Figure 2. The VR1 antagonist capsazepine attenuates the effects of anandamide

A, time plot of mEPSC rate in slices pre-treated with capsazepine (20 μm). The addition of anandamide does not significantly change the mEPSC rate. Note that the capsaicin-induced increase in rate is significantly reduced by capsazepine. B, cumulative plot analysis of mEPSCs in the same neuron showing the peak amplitude; inset shows averaged mEPSCs before (control; continuous line) and during application of anandamide (AEA; dotted line). C, pooled results demonstrating that anandamide has no effect on the mEPSC rate in cells pre-treated with capsazepine.

Figure 3. Effects of agents on the action of anandamide on mEPSC frequency

Pooled data showing the increase in mEPSC frequency in the presence of anandamide (30 μm) and the CB1 antagonist AM251 (3 μm) (A), methanandamide (30 μm) (B), anandamide (mAEA; 30 μm) and the FAAH inhibitor PMSF (20 μm) (C) and the anandamide transport inhibitor AM404 (30 μm) (D). There was no mean mEPSC rate increase in the presence of anandamide and the FAAH inhibitor PMSF.

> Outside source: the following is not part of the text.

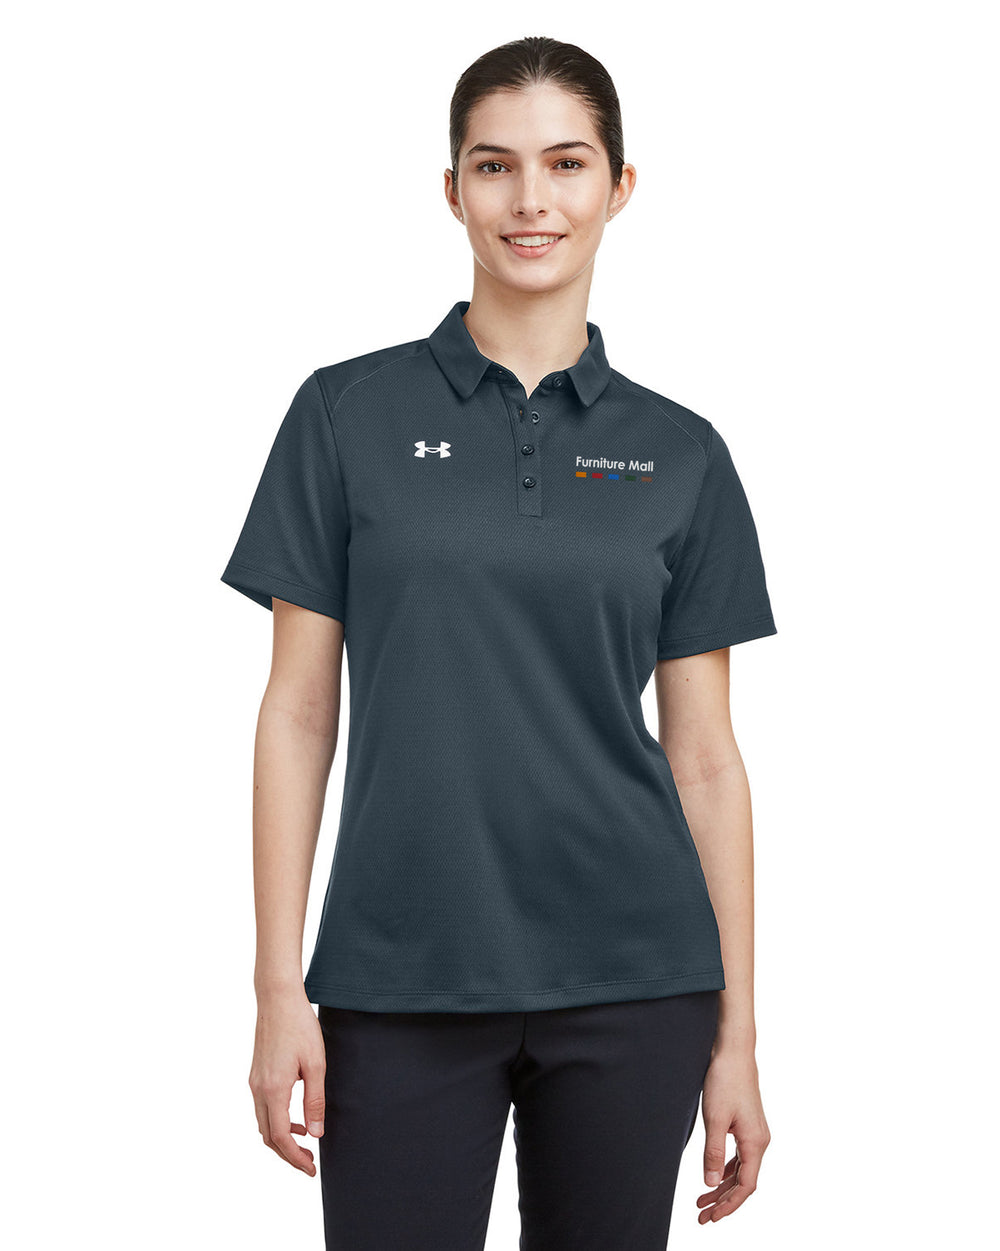 Furniture Mall - Under Armour Ladies' Tech Polo - 1370431
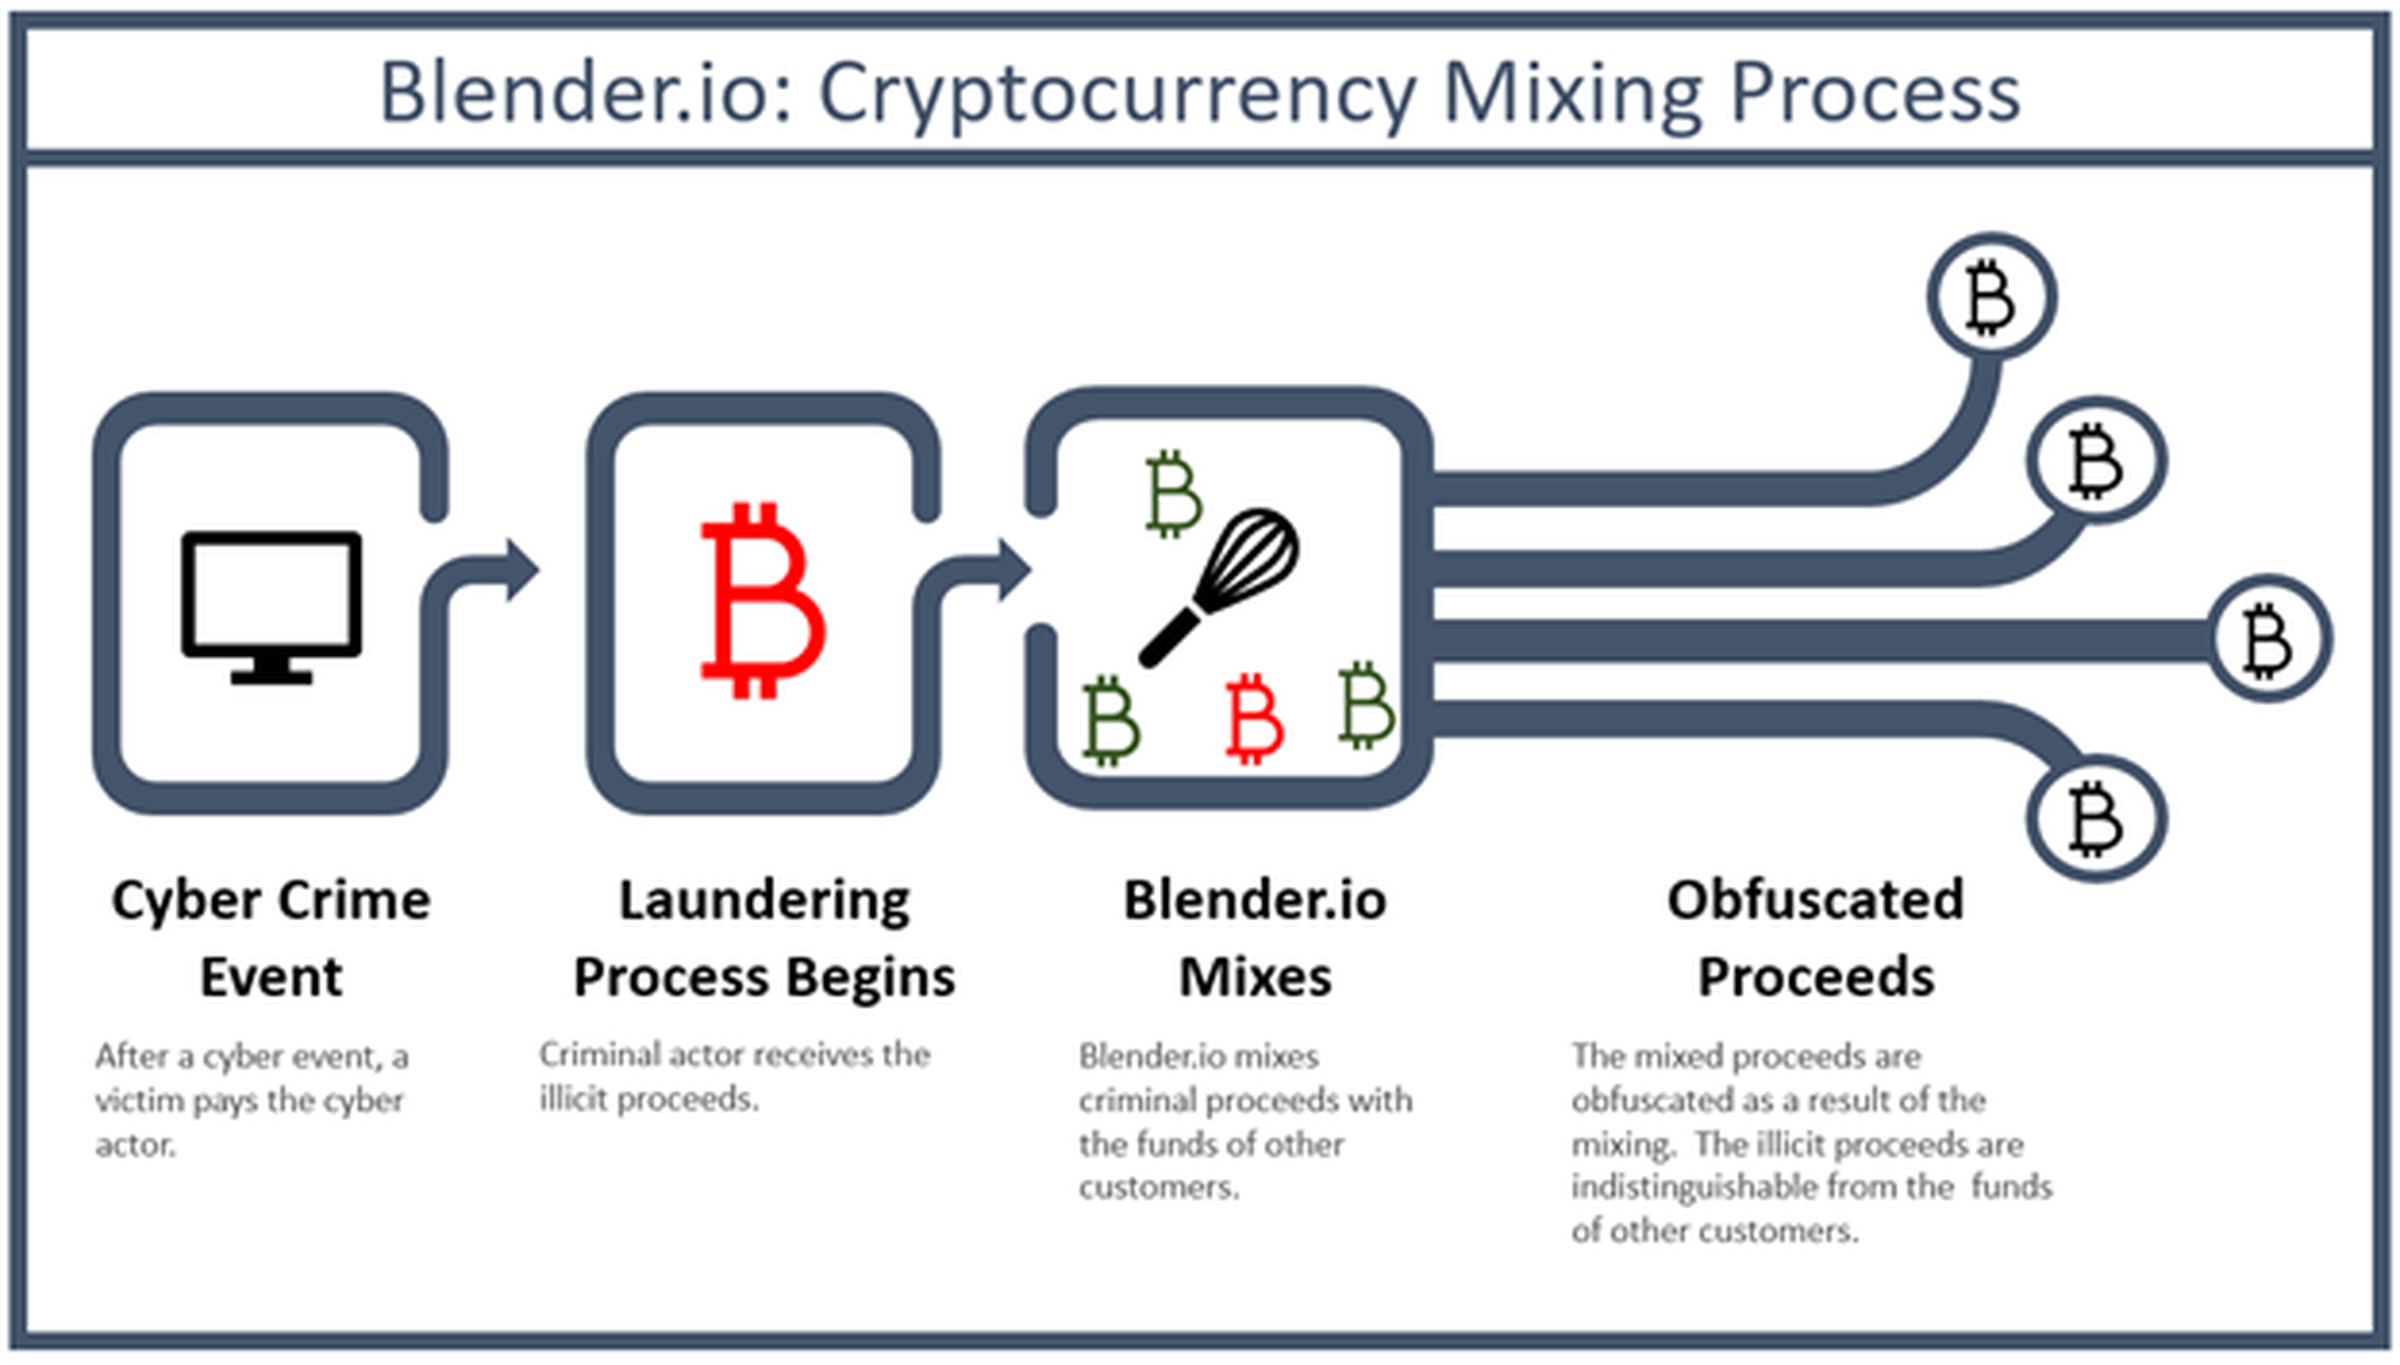 The Treasury’s description of how Blender.io works.

Figure 4. Anandamide does not alter the evoked EPSC amplitude

A, time plot of the evoked EPSC amplitude before and during application of anandamide (30 μm; AEA). Neither anandamide nor capsaicin (300 nm) altered the eEPSC. Baclofen (10 μm) causes a decrease in amplitude. B, averaged eEPSC before (control; thick line) and during application of anandamide (AEA; grey line), and after application of baclofen (10 μm; thin line). C, normalised averaged responses to identical paired stimuli (inter-stimulus interval, 70 ms), with the eEPSC₁ normalised (left) to demonstrate the lack of change in eEPSC₂ relative to eEPSC₁, following application of anandamide (AEA). Baclofen caused a facilitation of the eEPSC₂ relative to eEPSC₁.

Figure 5. Anandamide activates VR1 in dissociated trigeminal ganglion neurons

A, time plot of the VR1-mediated current at +40 mV illustrating the effects of anandamide (AEA; 10 μm and 100 μm) and the reversal of the 100 μm anandamide-induced current following the addition of capsazepine (30 μm). Also illustrated is the response of the cell to capsaicin (10 μm). B, concentration-response relationship for capsaicin (EC₅₀, 500 nm) and anandamide (EC₅₀, 10 μm) in trigeminal ganglion neurons. C, histogram showing that the outward current induced by AM404 (30 μm) can be reversed by the addition of the VR1 receptor antagonist iodoresiniferatoxin (1 μm). The fatty acid amide hydrolase (FAAH) inhibitor, OL53 (300 nm) has no significant effect on the anandamide-induced outward current, and causes only a small outward current when applied alone.